テーマは、これからの超高齢社会を明るく変える「運転寿命延伸(えんしん)プロジェクト」。 「おじいちゃん、おばあちゃんが1年でも長く、安全に楽しくドライブを続けられる未来」を目指し、大学のテクノロジーと企業のアイデアを掛け合わせた、熱いディスカッションが行われました!
「運転を続けること」と「健康」の深い関係
みなさんは、「高齢になったら早めに免許を返納したほうが安全で健康にいい」と思っていませんか? 実は、近年のデータで驚きの事実が分かってきました。
- 運転を続けている人は、認知症になるリスクが【4割】も低い!
- 逆に、免許を返納すると、要介護になるリスクが【8倍】に跳ね上がる!
車を運転することは、脳を使い、外出し、社会とつながるための大切な役割を果たしていたのです。「危ないからダメ」と取り上げるのではなく、「どうすれば安全に運転を続けられるか」を科学的に考えることが求められています。
運転したら記憶が蘇った!?驚きの実証実験
遠山産業さんは、年間6,000名以上のシニアが通う、県内トップクラスの自動車学校を運営する企業です。すでに独自の「高齢者専用コース」を整備し、ユニークな実験を行っています。
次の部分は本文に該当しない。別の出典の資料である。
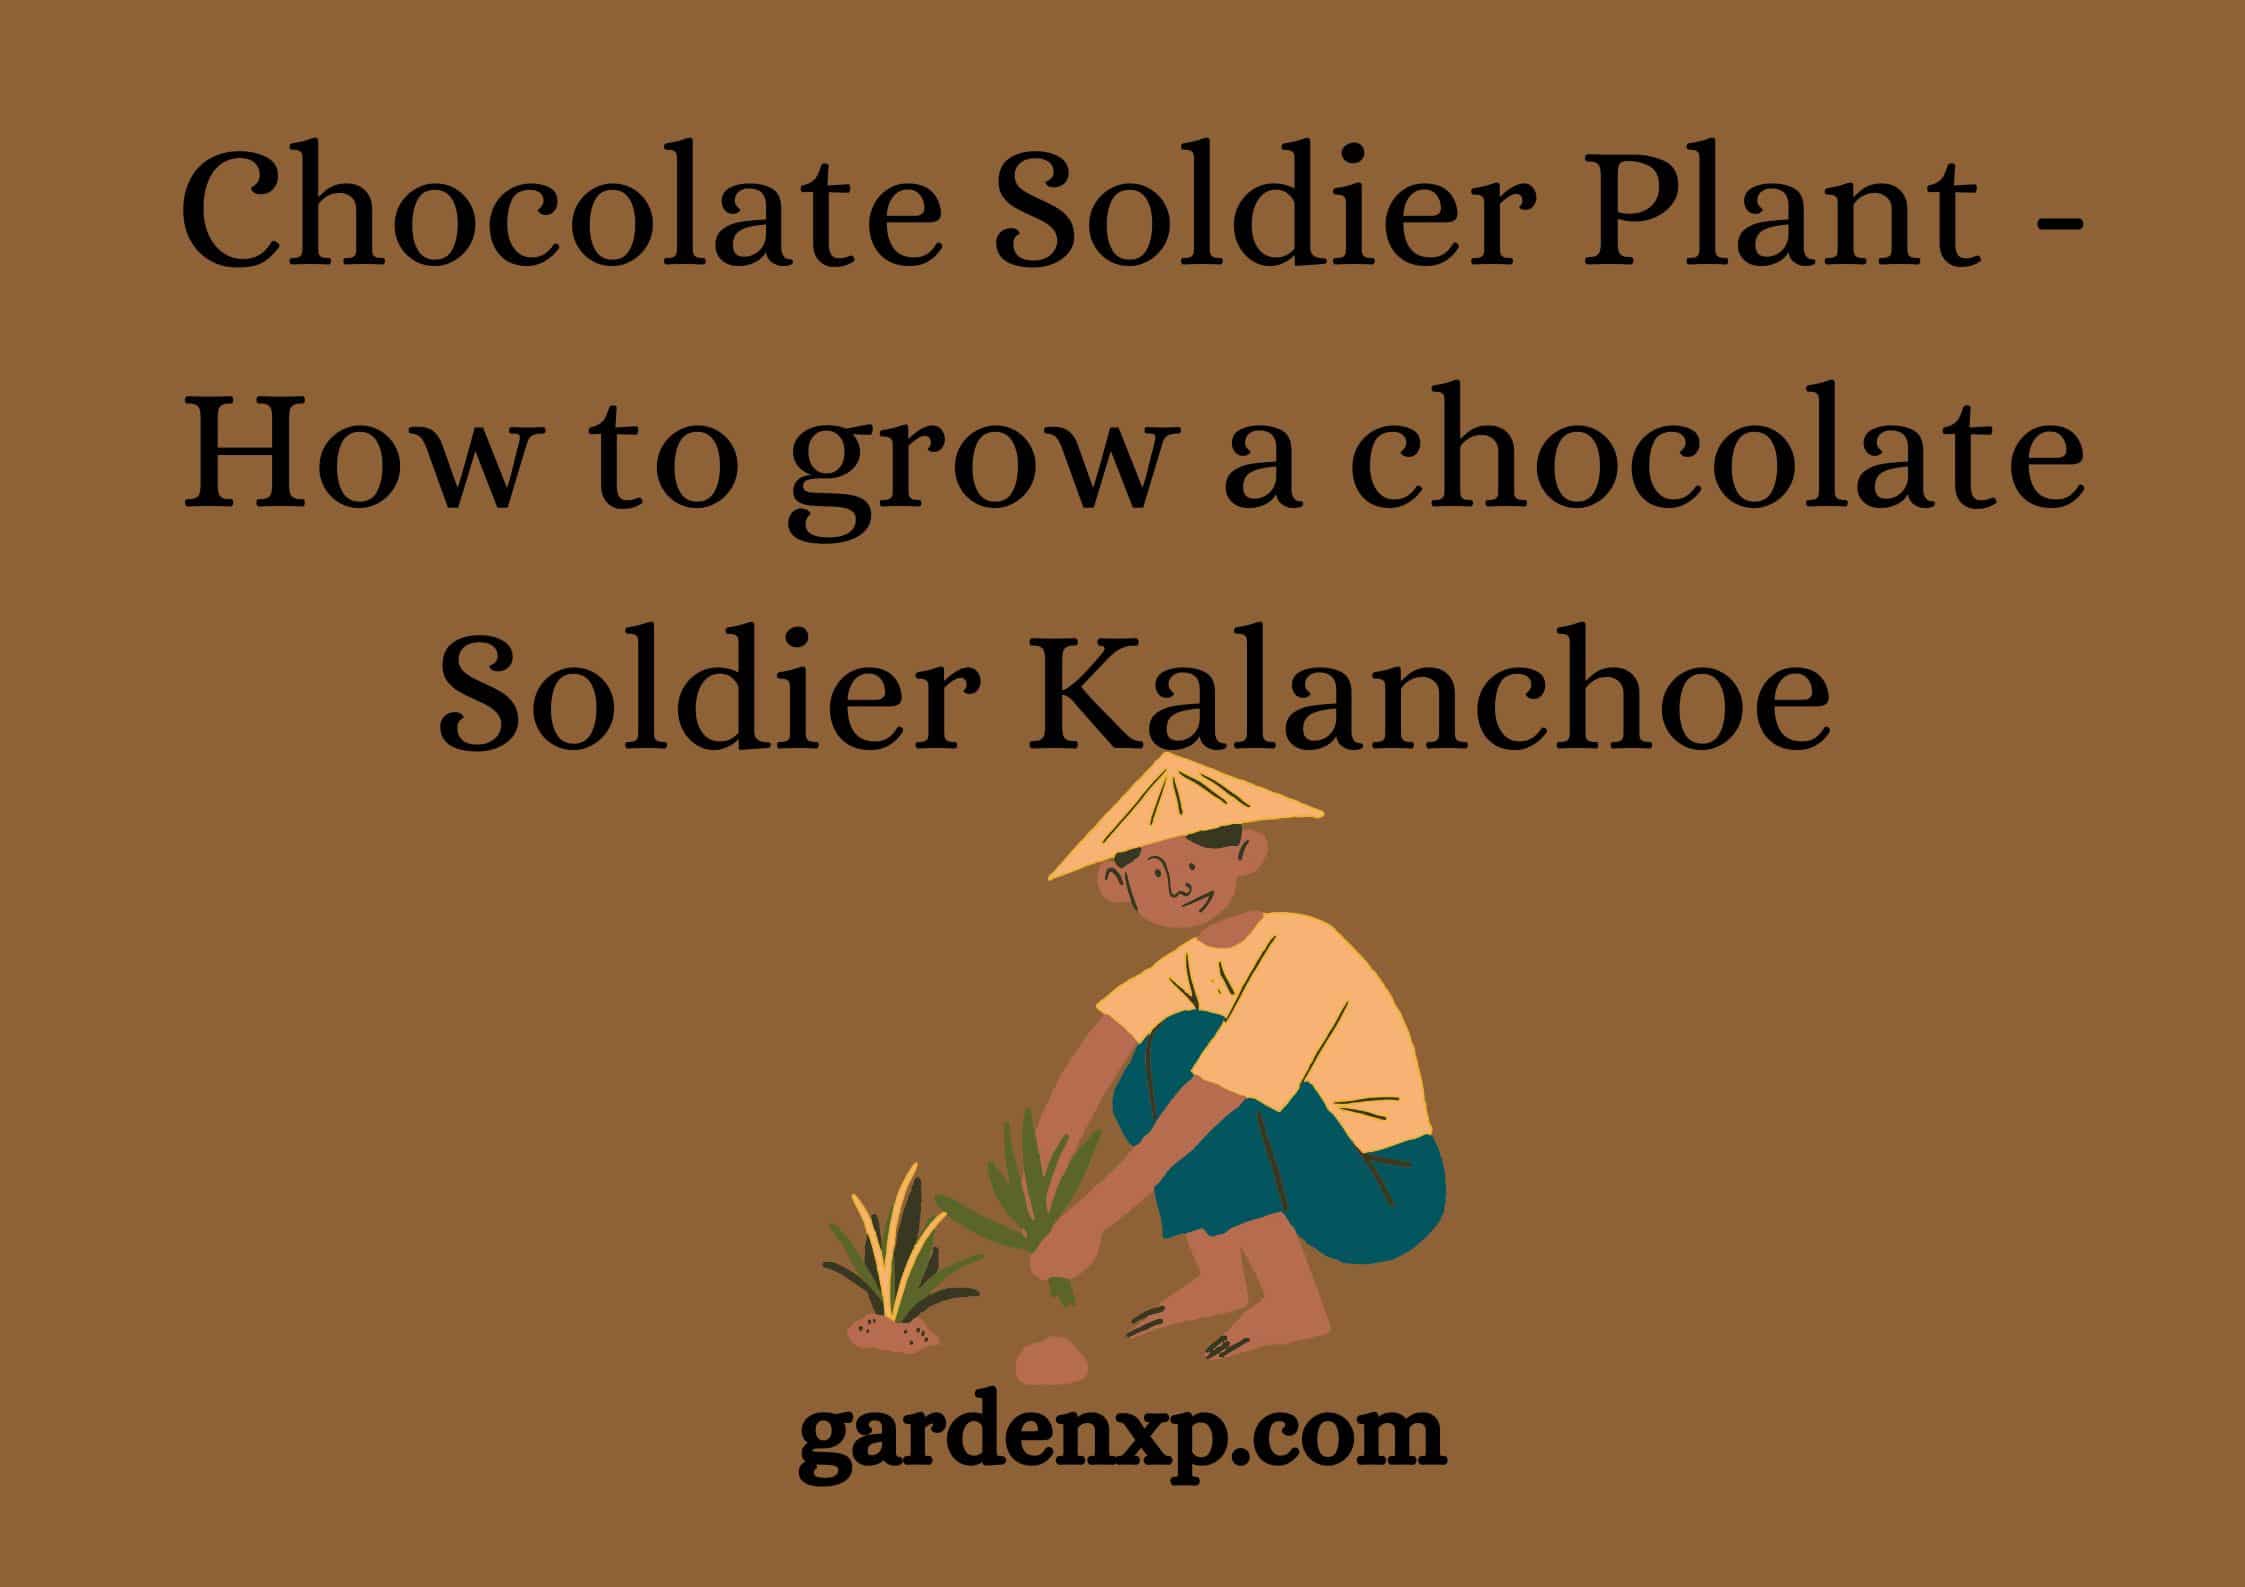 Chocolate Soldier Plant - How to grow a chocolate Soldier Kalanchoe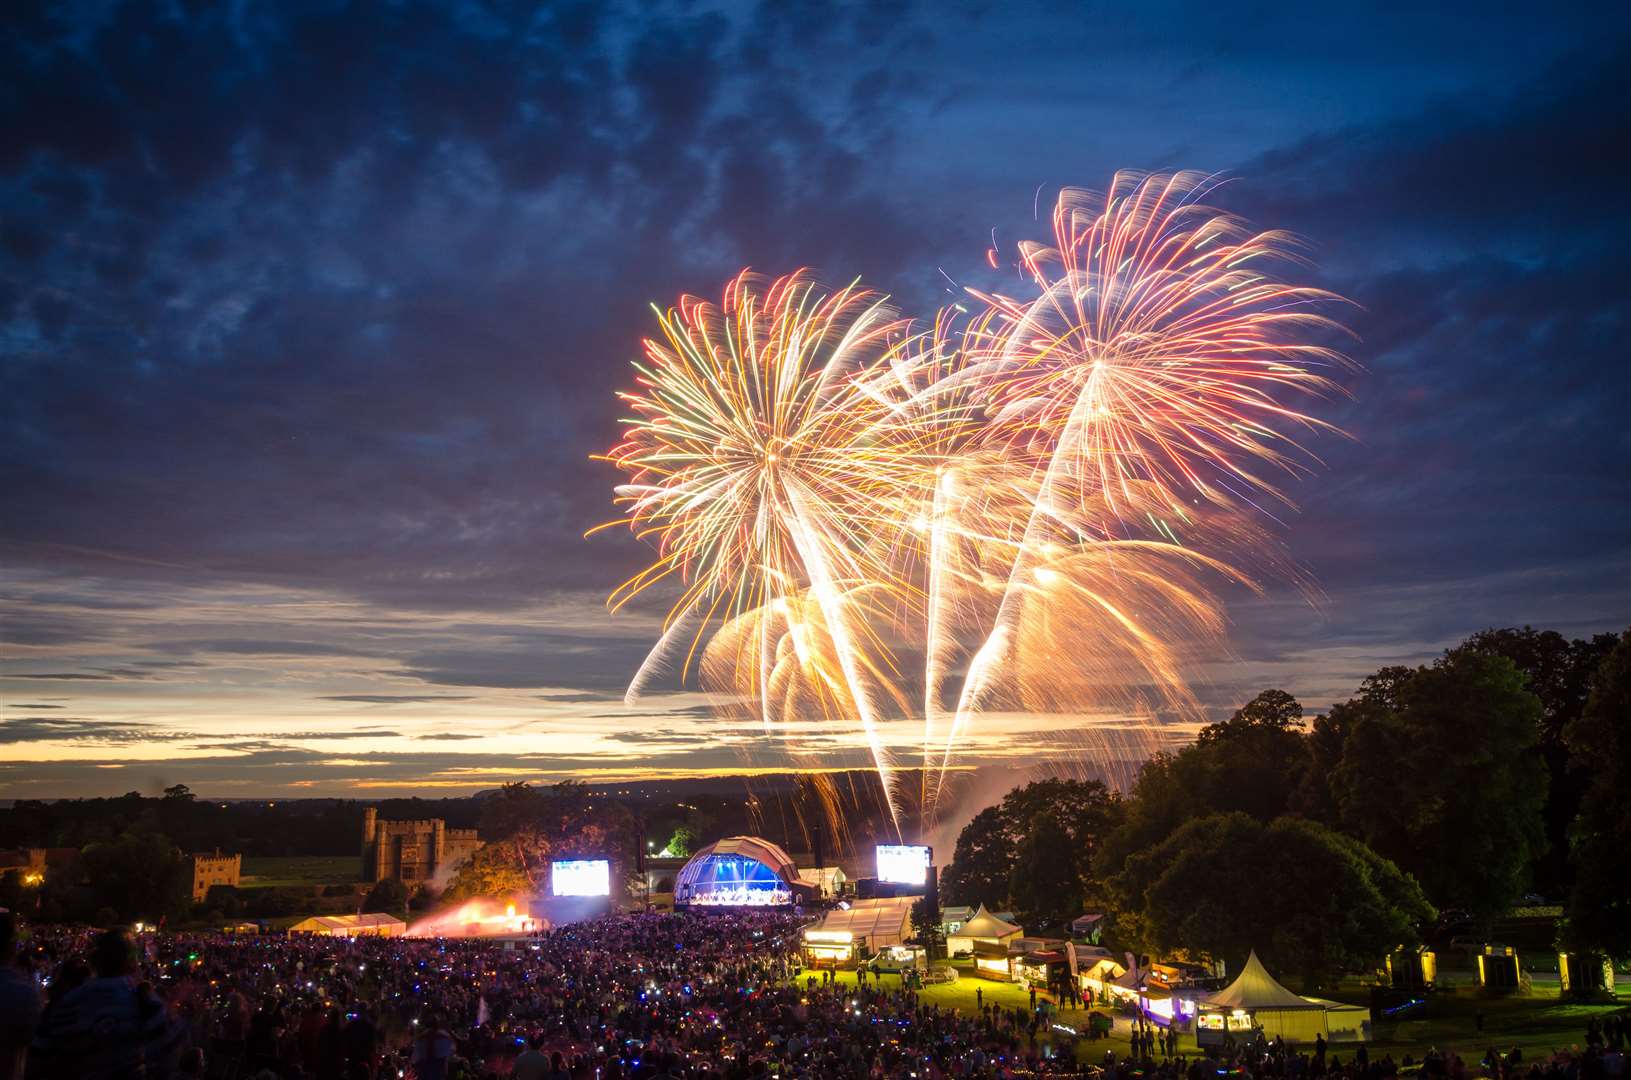 There are tickets to see the spectacular concert and fireworks at Leeds Castle

2024年12月に行った実験では、すでに免許を返納した認知症のシニアの方に、安全なコース内でハンドルを握ってもらいました。すると、運転をきっかけに過去の記憶が次々と蘇り、普段はなかなか話せないような思い出を楽しそうに話し始めたのです!乗り慣れた車を運転することは、私たちの想像以上に、脳や心を元気にするパワーがあるようです。
研究会でのアイデア
現在の高齢者講習は基本的に「合格か不合格か」を決めるにとどまり、「自分の運転のどこが危ないのか」という細かいデータまでは分かりません。その観点に対し、研究会では以下のようなアイデアが議論されました。
「運転ドック」をつくろう!
人間ドックのように、定期的に運転能力をチェックする仕組みです。「今の状態なら、お昼の明るい時間なら運転OK!」「夜や雨の日はNG」というように、段階的にアドバイスを出すことで、本人も家族も安心して運転を続けられます。
車や体のデータを「見える化」する
車に特殊なセンサーやカメラを取り付けて、ブレーキの踏み方や運転のクセをデータ化します。さらに、「運転中にどれくらい心拍数が変化しているか」といった、体や心の変化も組み合わせて分析する最先端のシステムを開発していきます。
楽しい「お出かけ」との組み合わせ
ただ運転の診断を受けるだけでは、シニアの方も緊張してしまいます。 そこで、「診断のあとは、みんなで美味しいごはんを食べて、温泉に入って帰れるような、楽しいお出かけプログラムにしよう!」という、地域を巻き込んだ楽しいアイデアも提案されました。
これからのステップ
今後は、遠山産業(あさひ自動車学校)さんとウェルビーイング工学研究センターがタッグを組み、まずは簡単なシステムを使って実際の運転データを集める準備をスタートしたいと考えています。
このように日本福祉大学ウェルビーイング工学研究センターでは、「いま社会で困っている人たちの未来を、工学でしあわせにする研究」にリアルタイムで挑戦しています。これからの続報にも、ぜひご注目ください!